FastText released pretrained vectors for 157 languages, which made it the first practical multilingual embedding system at scale.[9]

### Contextual embeddings: ELMo, BERT, and after (2018)

Word2Vec, GloVe, and FastText all produce a single vector per word type regardless of context, so 'bank' in 'river bank' gets the same vector as in 'savings bank'. Peters and colleagues' [ELMo](/wiki/elmo) (2018) was the first widely adopted contextual model: it ran a bidirectional [LSTM](/wiki/lstm) over the sentence and produced a different vector for each token depending on its full sentential context.[10]
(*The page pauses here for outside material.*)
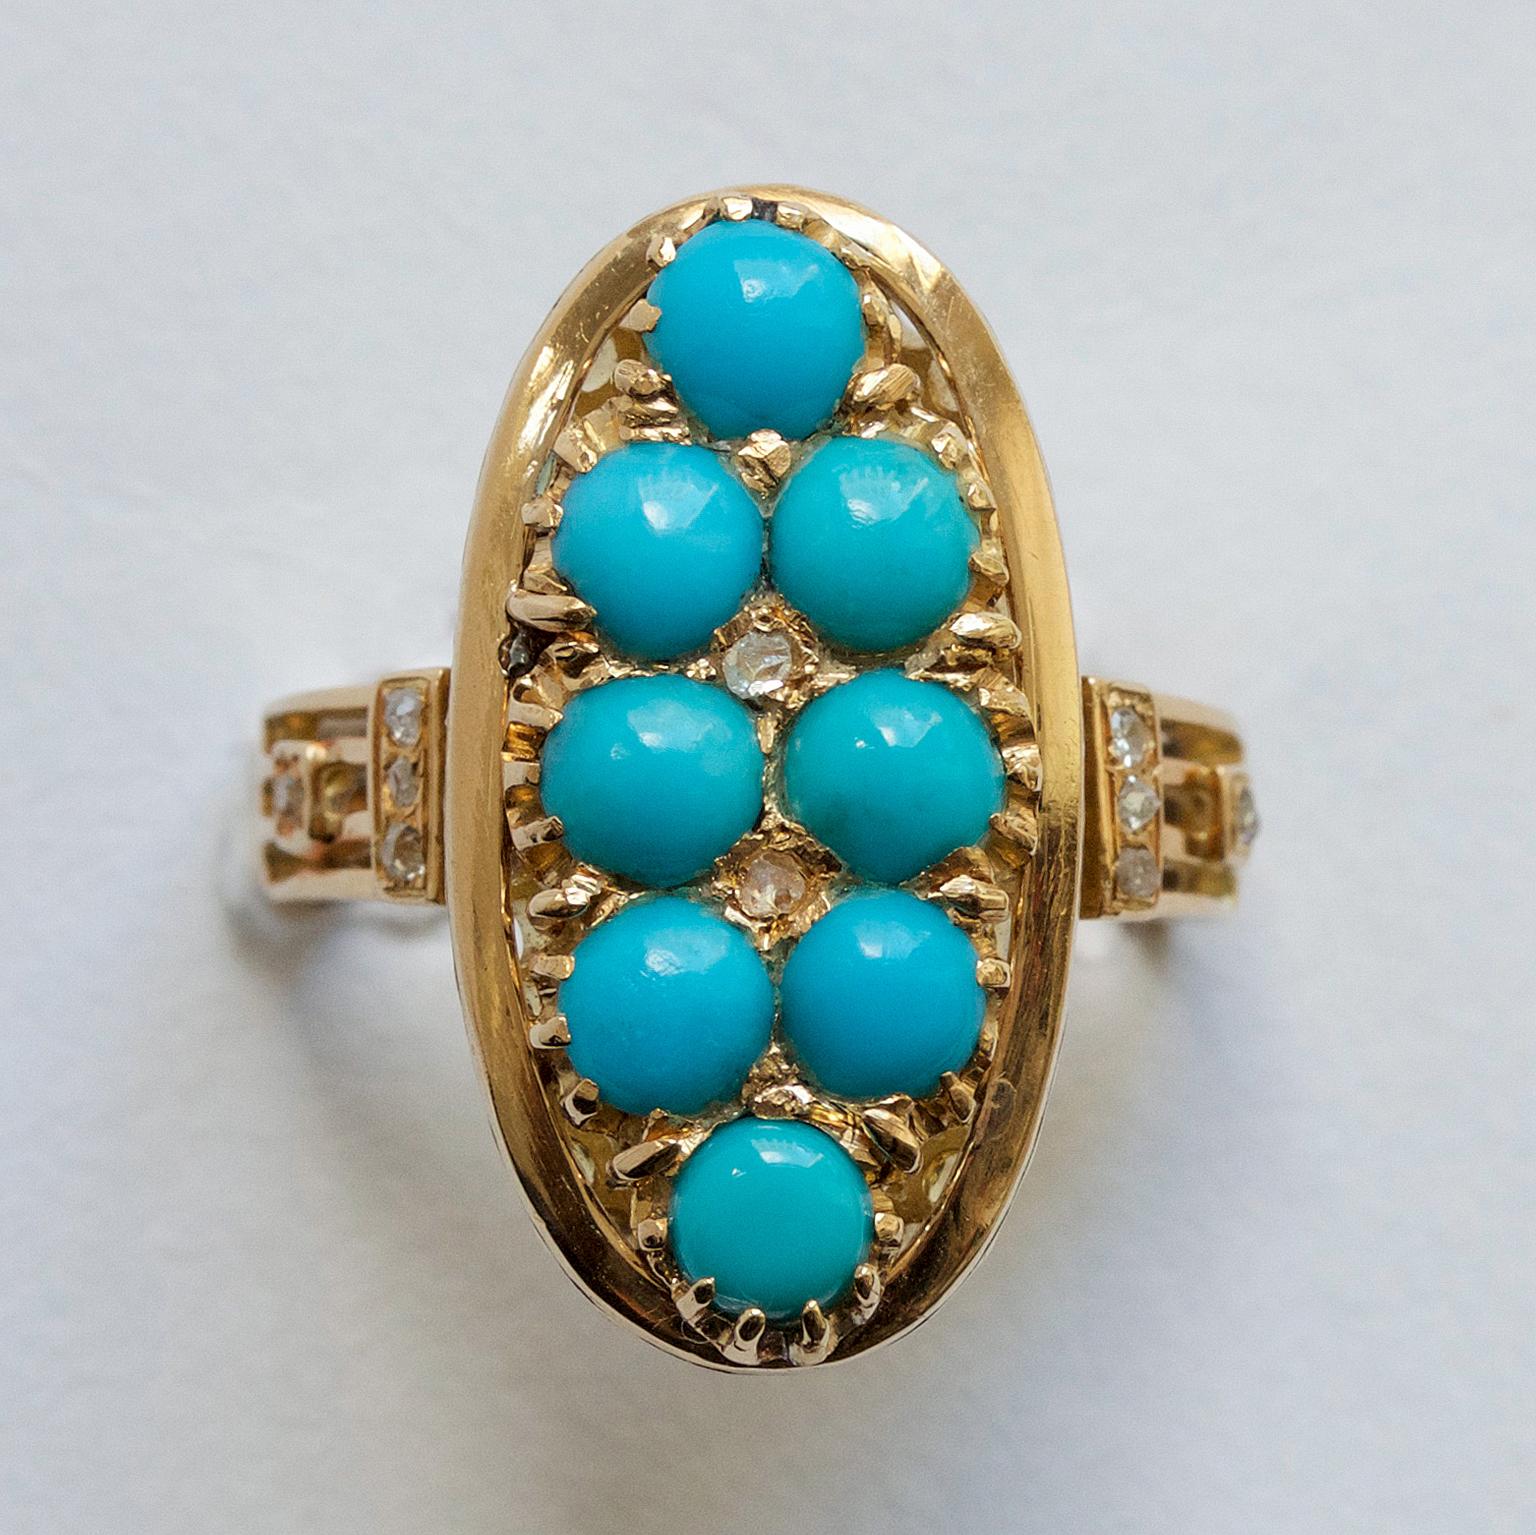 A ring with a large 18 carat yellow gold oval element set with eight cabochon cut turquoises and with six rose cut diamonds in between the turquoises and on the side of the shank, France, 19th century.

weight: 6.76 grams
width: 2.8 – 22 mm
ring

The decisive break came later in 2018 with [BERT](/wiki/bert) (Bidirectional Encoder Representations from Transformers) by Devlin and colleagues at Google.[11] BERT replaced the LSTM with a [Transformer](/wiki/transformer) encoder trained on masked language modeling and next-sentence prediction over 3.3 billion words. The hidden states of a frozen or fine-tuned BERT became the default text representation for nearly every NLP benchmark from 2018 to 2020.[11]

### Sentence embeddings

BERT's token-level vectors are not directly useful for sentence-level tasks like clustering or [semantic search](/wiki/semantic_search): pooling them naively (mean-pool, [CLS] token) produces representations that perform worse than averaged GloVe vectors on the STS benchmarks.[12]
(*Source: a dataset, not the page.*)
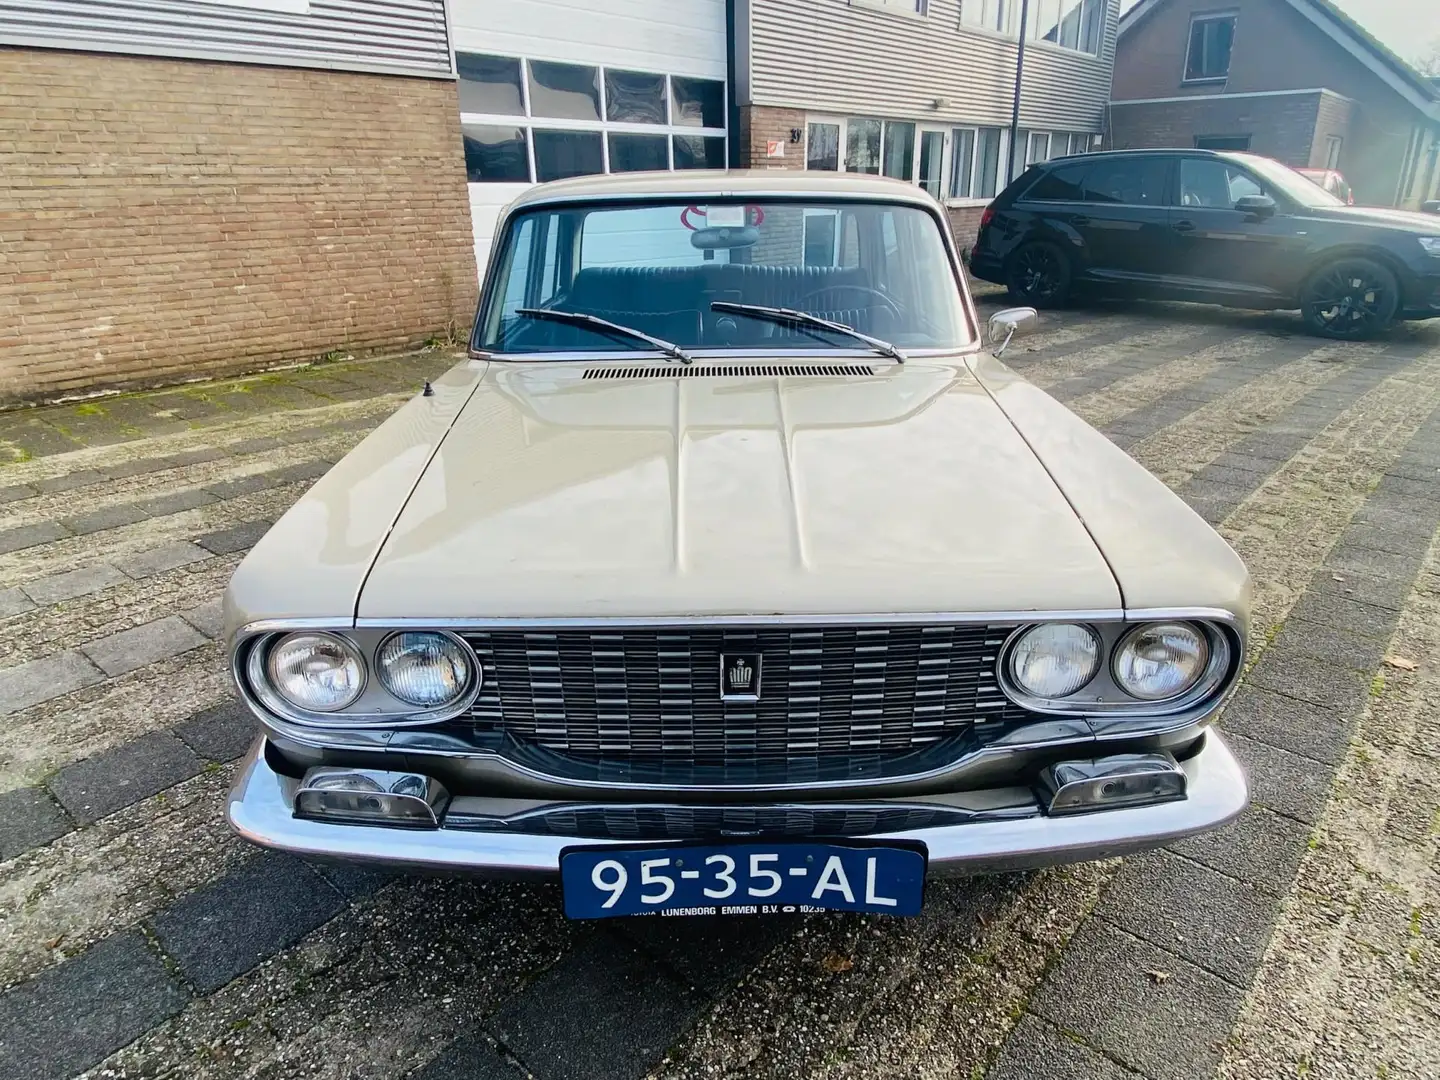 Toyota Crown RS 41 L 1965 opknapper siva - 2

- **InferSent** (Conneau et al., 2017) trained a BiLSTM on the SNLI natural language inference dataset to produce sentence vectors.[13]
- **Universal Sentence Encoder** (Cer et al., 2018) from Google offered a Transformer-based and a deep averaging network variant for general-purpose sentence embeddings.[14]
- **Sentence-BERT** (Reimers and Gurevych, EMNLP 2019) reframed BERT into a Siamese network fine-tuned on NLI and STS data.[12] The resulting model produced semantically meaningful sentence embeddings that could be compared with cosine similarity, reducing the cost of finding the most similar pair in a 10,000-sentence collection from 65 hours with vanilla BERT to about 5 seconds. Sentence-BERT (often called SBERT) became the foundation of most open-source embedding models that followed.
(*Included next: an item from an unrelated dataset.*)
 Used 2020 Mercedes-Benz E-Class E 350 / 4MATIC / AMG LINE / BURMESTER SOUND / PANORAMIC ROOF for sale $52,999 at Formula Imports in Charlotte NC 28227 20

### Modern embedding APIs (2022 to 2026)

From 2022 onward, commercial providers shipped embedding endpoints as first-class API products. OpenAI launched text-embedding-ada-002 in December 2022 as a single-model replacement for five earlier embedding endpoints, then released text-embedding-3-small and text-embedding-3-large on January 25, 2024 with native dimension shortening (the Matryoshka representation learning trick).[15][16] Cohere, Voyage AI, Google, NVIDIA, Mistral, Jina AI, Mixedbread, and the open-source [BGE](/wiki/bge), GTE, and E5 model families all entered the market. Anthropic does not produce its own embedding model and recommends Voyage AI for use with Claude-based RAG systems.[17]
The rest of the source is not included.